» Exercise materials:
[Start of section]

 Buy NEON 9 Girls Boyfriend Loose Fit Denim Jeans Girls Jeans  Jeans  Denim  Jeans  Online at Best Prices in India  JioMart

[End of section]
[Start of section]

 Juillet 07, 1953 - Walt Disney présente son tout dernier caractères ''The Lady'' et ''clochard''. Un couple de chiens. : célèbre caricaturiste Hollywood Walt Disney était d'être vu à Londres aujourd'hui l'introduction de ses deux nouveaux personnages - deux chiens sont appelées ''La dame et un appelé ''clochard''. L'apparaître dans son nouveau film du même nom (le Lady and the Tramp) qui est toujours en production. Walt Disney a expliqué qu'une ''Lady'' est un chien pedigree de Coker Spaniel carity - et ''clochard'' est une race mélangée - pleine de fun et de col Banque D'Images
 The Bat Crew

[End of section]
[Start of section]

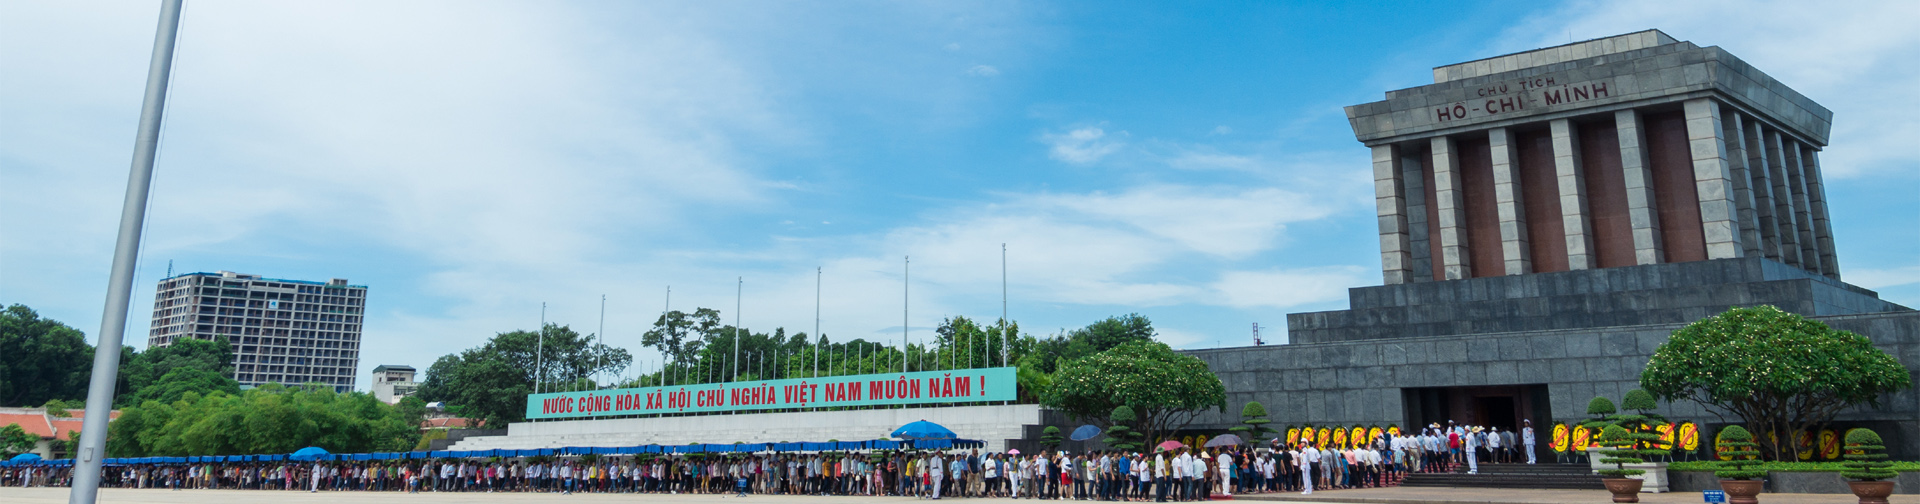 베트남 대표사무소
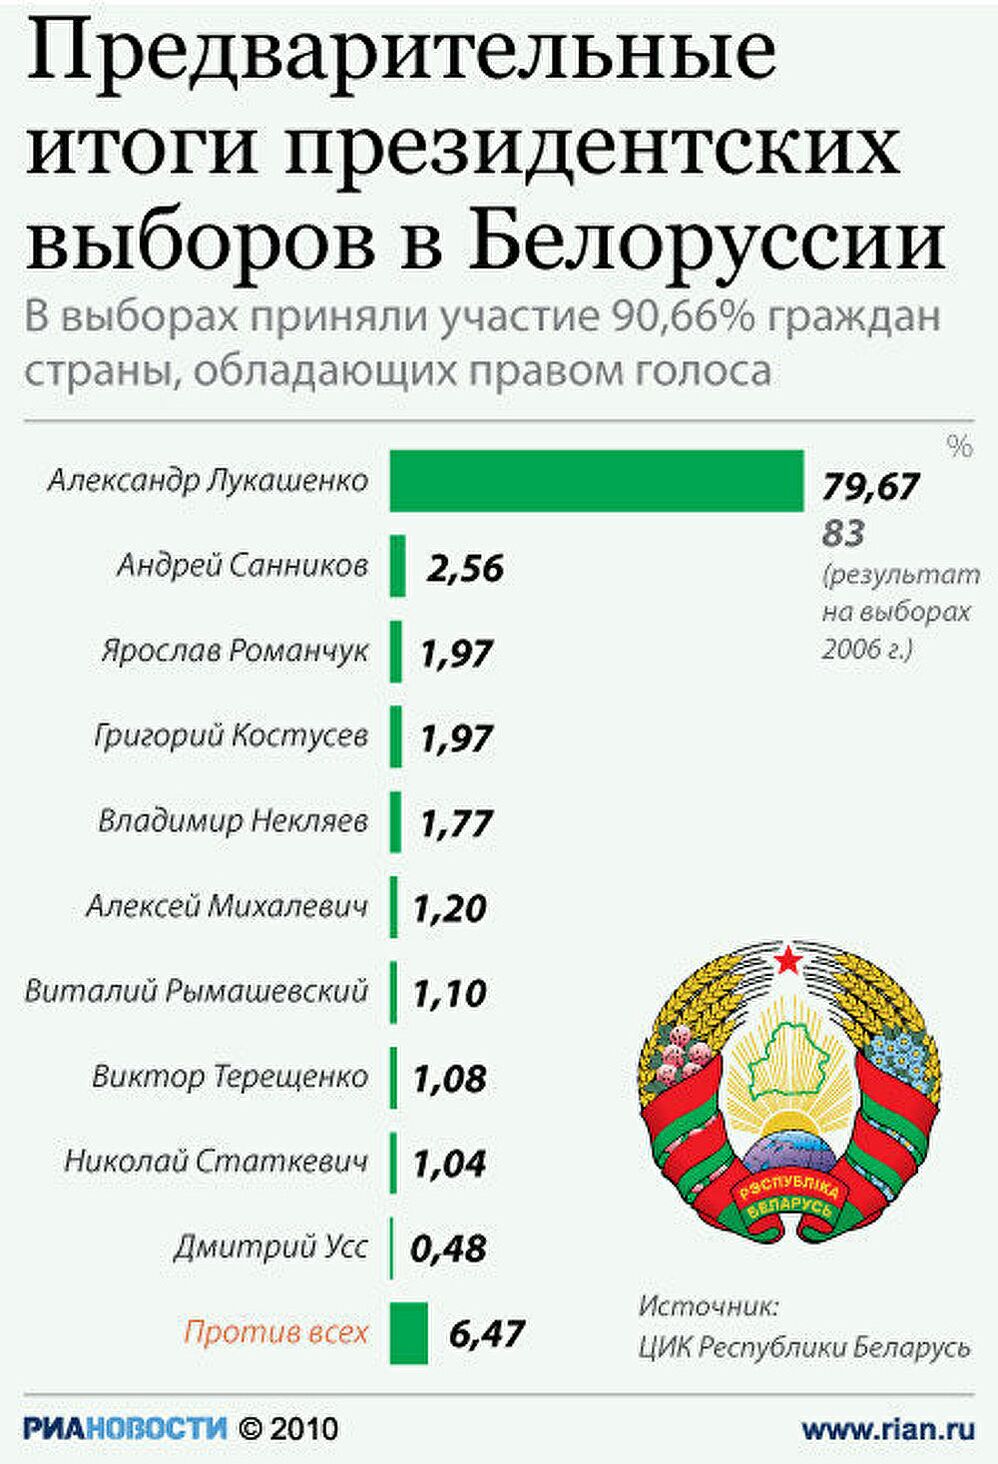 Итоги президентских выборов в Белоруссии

[End of section]

Look back at the entries above. Retype the line with "Juillet 07, 1953", the line with "The Bat Crew", and all lines in between.

» Response to the exercise:
 Juillet 07, 1953 - Walt Disney présente son tout dernier caractères ''The Lady'' et ''clochard''. Un couple de chiens. : célèbre caricaturiste Hollywood Walt Disney était d'être vu à Londres aujourd'hui l'introduction de ses deux nouveaux personnages - deux chiens sont appelées ''La dame et un appelé ''clochard''. L'apparaître dans son nouveau film du même nom (le Lady and the Tramp) qui est toujours en production. Walt Disney a expliqué qu'une ''Lady'' est un chien pedigree de Coker Spaniel carity - et ''clochard'' est une race mélangée - pleine de fun et de col Banque D'Images
 The Bat Crew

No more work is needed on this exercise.